Tech 3 min read

InfiniteTalk: Audio-Driven Lip Sync Built on Wan 2.1

IkesanContents

InfiniteTalk, an audio-driven lip-sync model built on Wan 2.1, has been published as an official ComfyUI workflow. Given a still image and an audio file, it can generate a video where the mouth moves in sync with the speech.

What InfiniteTalk is

It is a native ComfyUI workflow published at amao2001/ganloss-latent-space, using a model repackaged by Comfy-Org.

Processing flow:

  1. Input a still image, typically a face image
  2. Input an audio file such as WAV
  3. Analyze the audio with wav2vec2 to extract mouth-movement timing
  4. Generate the video with Wan 2.1 I2V
  5. Output the finished clip

The “Infinite” part means it can handle long audio input. This is offline batch generation, not real-time synthesis.

Workflow variants

Two versions are available:

  • single: for one character
  • multi: for multiple characters, with masks specifying each region

In the multi version, you open the first frame in the mask editor and paint each character area separately.

Required models

DirectoryModel
diffusion_modelsWan2_1-I2V-14B-480p_fp8_e4m3fn_scaled_KJ.safetensors
text_encodersumt5_xxl_fp8_e4m3fn_scaled.safetensors
model_patcheswan2.1_infiniteTalk_single_fp16.safetensors
model_patcheswan2.1_infiniteTalk_multi_fp16.safetensors
audio_encoderswav2vec2-chinese-base_fp16.safetensors
vaeWan2_1_VAE_bf16.safetensors
loraslightx2v_I2V_14B_480p_cfg_step_distill_rank64_bf16.safetensors

The models are available from Hugging Face:

Inference is accelerated with the lightx2v distillation LoRA.

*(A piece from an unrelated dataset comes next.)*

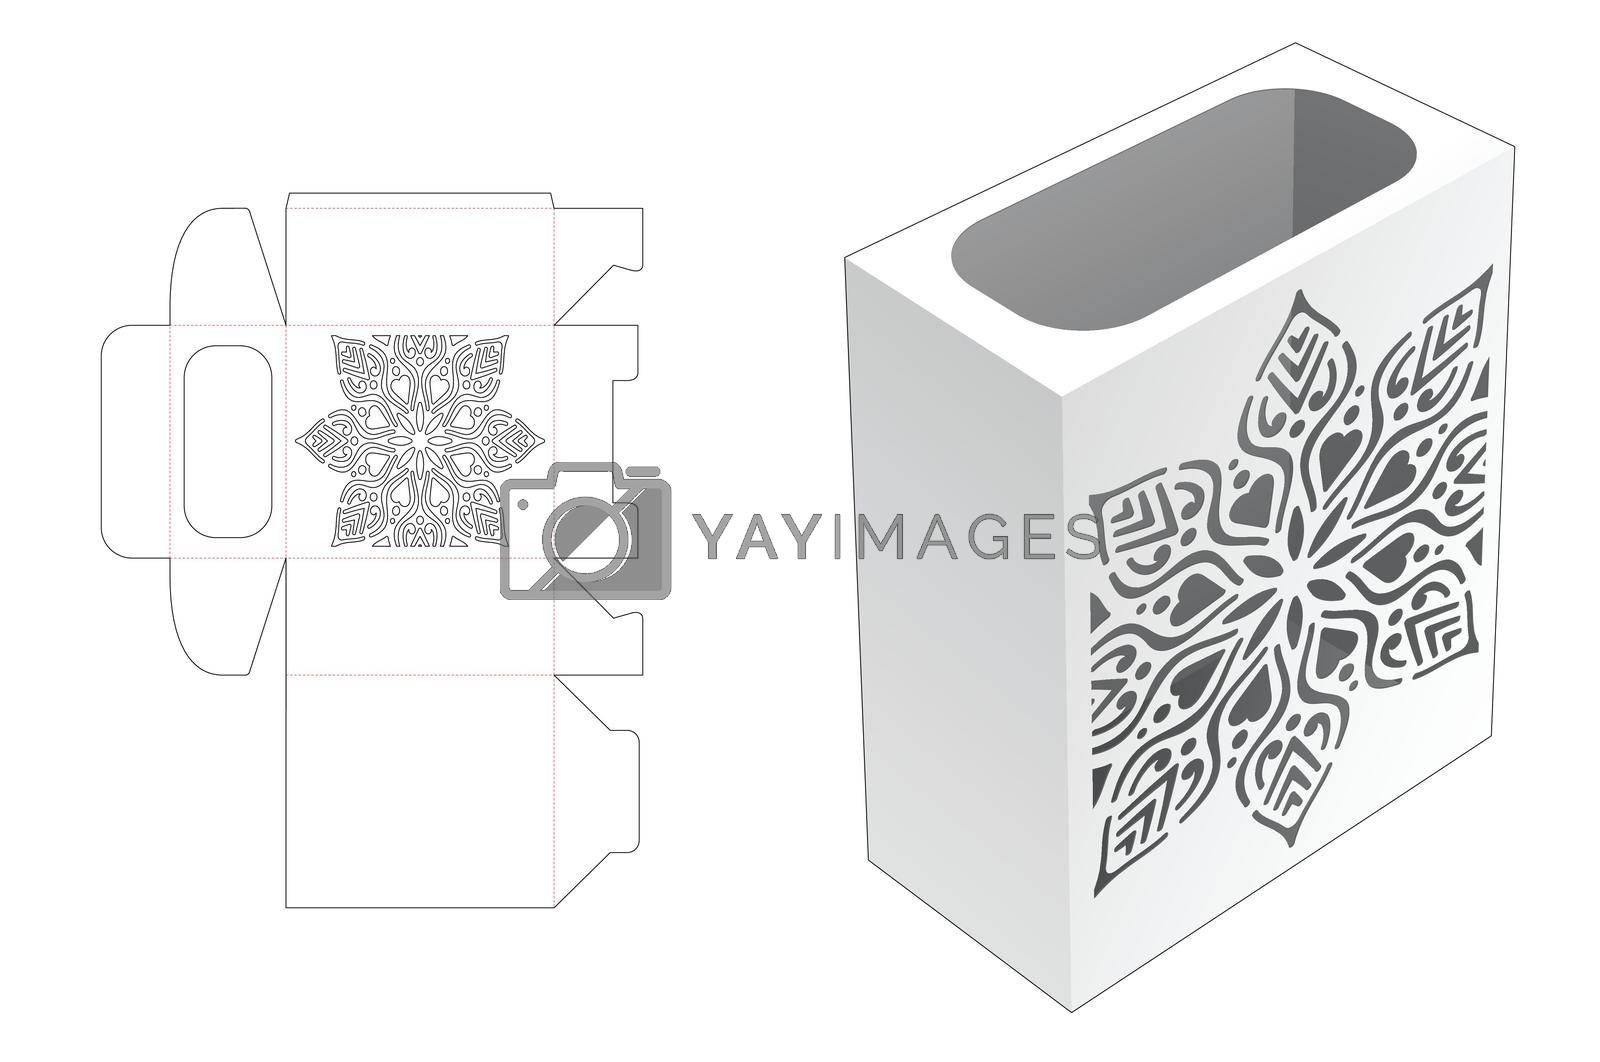 Royalty free image of Vote box with stenciled pattern die cut template and 3D mockup by valueinvestor

How it differs from MOVA and Vidu Q3

There are now several models that deal with both audio and video, but they point in different directions.

ModelInputOutputUse case
InfiniteTalkStill image + audioLip-sync videoLip-syncing to existing speech
MOVAText or imageVideo + audioGenerating both video and audio together
Vidu Q3Text or imageVideo + audioGenerating both video and audio together

InfiniteTalk: audio to video, specialized for lip sync
MOVA / Vidu Q3: prompt to video plus audio, generated together

InfiniteTalk fits cases where the audio already exists and you want to make a character speak, such as narration, voice drama, dubbing, or VTuber-style talking clips.

MOVA and Vidu Q3 are better when you want to generate both the footage and the audio from scratch.

Impression

In my January overview of i2v models, I wrote that accurate synchronization between dialogue and mouth motion was still a weak point for video generation models. InfiniteTalk is a specialized answer to that problem, improving lip-sync accuracy by inserting an explicit audio-analysis stage.

Because it is based on Wan 2.1, it should also be runnable in a local environment. The fact that it has been packaged as an official ComfyUI workflow also lowers the barrier to adoption.

The actual generation quality and VRAM requirements still need hands-on testing, but if you want local audio-driven lip sync generation, this looks like one of the first options to try.